Refuse plein-air painting on principle
Direct refusal of the emerging Impressionist orthodoxy. The painter should observe nature intensely but paint only after the visual data had been processed through memory and imagination — what was lost in the interval was supposed to be lost.
Why it matters · A landscape painted in front of the scene records what was there. A landscape painted from memory records what mattered. Böcklin's discipline argues that the loss of literal detail through ripening is the condition of symbolic resolution. Painters who paint outdoors carry the noise.
Use Leimfarbe for the sky and never touch it again
Skies, open sea, and distant atmospheric passages were blocked in with Leimfarbe (glue-size distemper of animal glue and pigment) in a single early session. Once set, these passages were permanent — Böcklin "did not touch them again."
Why it matters · A passage committed in the first session and not retouched preserves a specific freshness oil cannot replicate. The painter who reworks the sky three times produces three different skies on top of each other.
Rudolf Schick, Diary entry on Böcklin's technique, 1869, 1869
Run multiple versions of the same subject in parallel
The Isle of the Dead exists in five autograph versions painted between 1880 and 1886 — each with different lighting, color temperature, and technical specifications. Each new version corrected the technical or atmospheric problem the previous version had left partly solved.

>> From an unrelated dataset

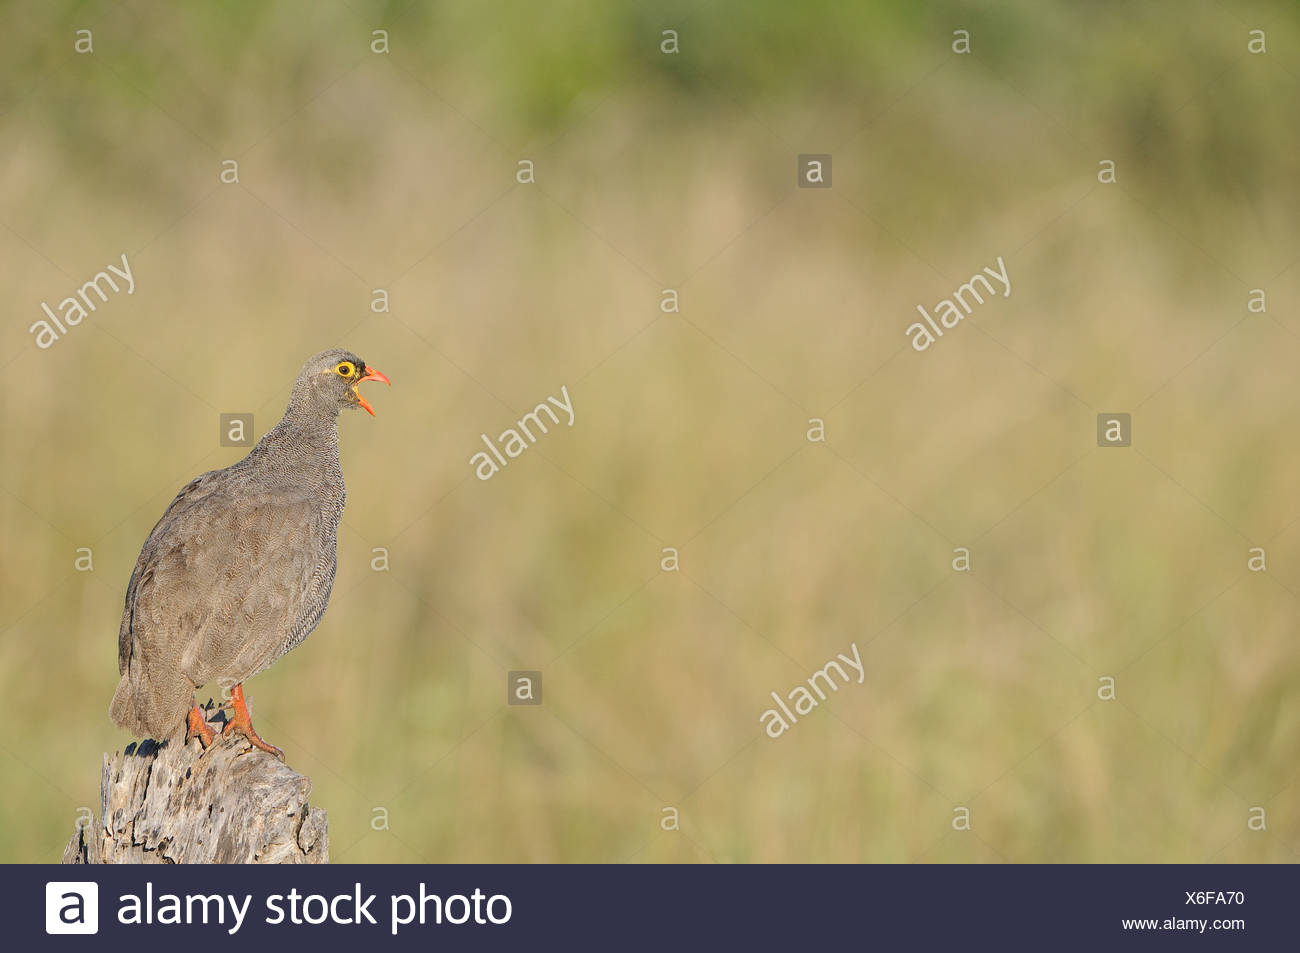 Partridge (Phasianidae) calling, Mapungubwe Game Reserve, Limpopo Province, South Africa Stock Photo

Why it matters · The versions form a series of answers to the same question rather than a set of equivalent finished objects. Painters who treat each painting as terminal lose the option of using the next version to solve what the last one missed.
Commission a custom Florentine pharmacy emulsion
In the late 1890s commissioned a Florentine pharmacy to produce a range of tempera paints to his own specification — running a private pigment-and-binder factory for personal use.
Why it matters · Most painters accept commercial materials and accept the limits those materials impose. Böcklin's discipline of running custom binder development is the most ambitious such project in nineteenth-century European painting.
Patrick Dietemann and Wibke Neugebauer, A Colloidal Description of Arnold Böcklin's Painting Villa am Meer II, 2014
Stage the studio with theatrical spot-lighting
Combined natural light with directional spots. Arranged motifs (plaster casts, models, still-life) under spotlighting, effectively staging the scene as theatrical composition before translating into paint.
Why it matters · The specific stage-set quality of Böcklin's finished pictures comes from this. Painters who only ever work under ambient light produce ambient paintings. The directional spot is a methodological tool.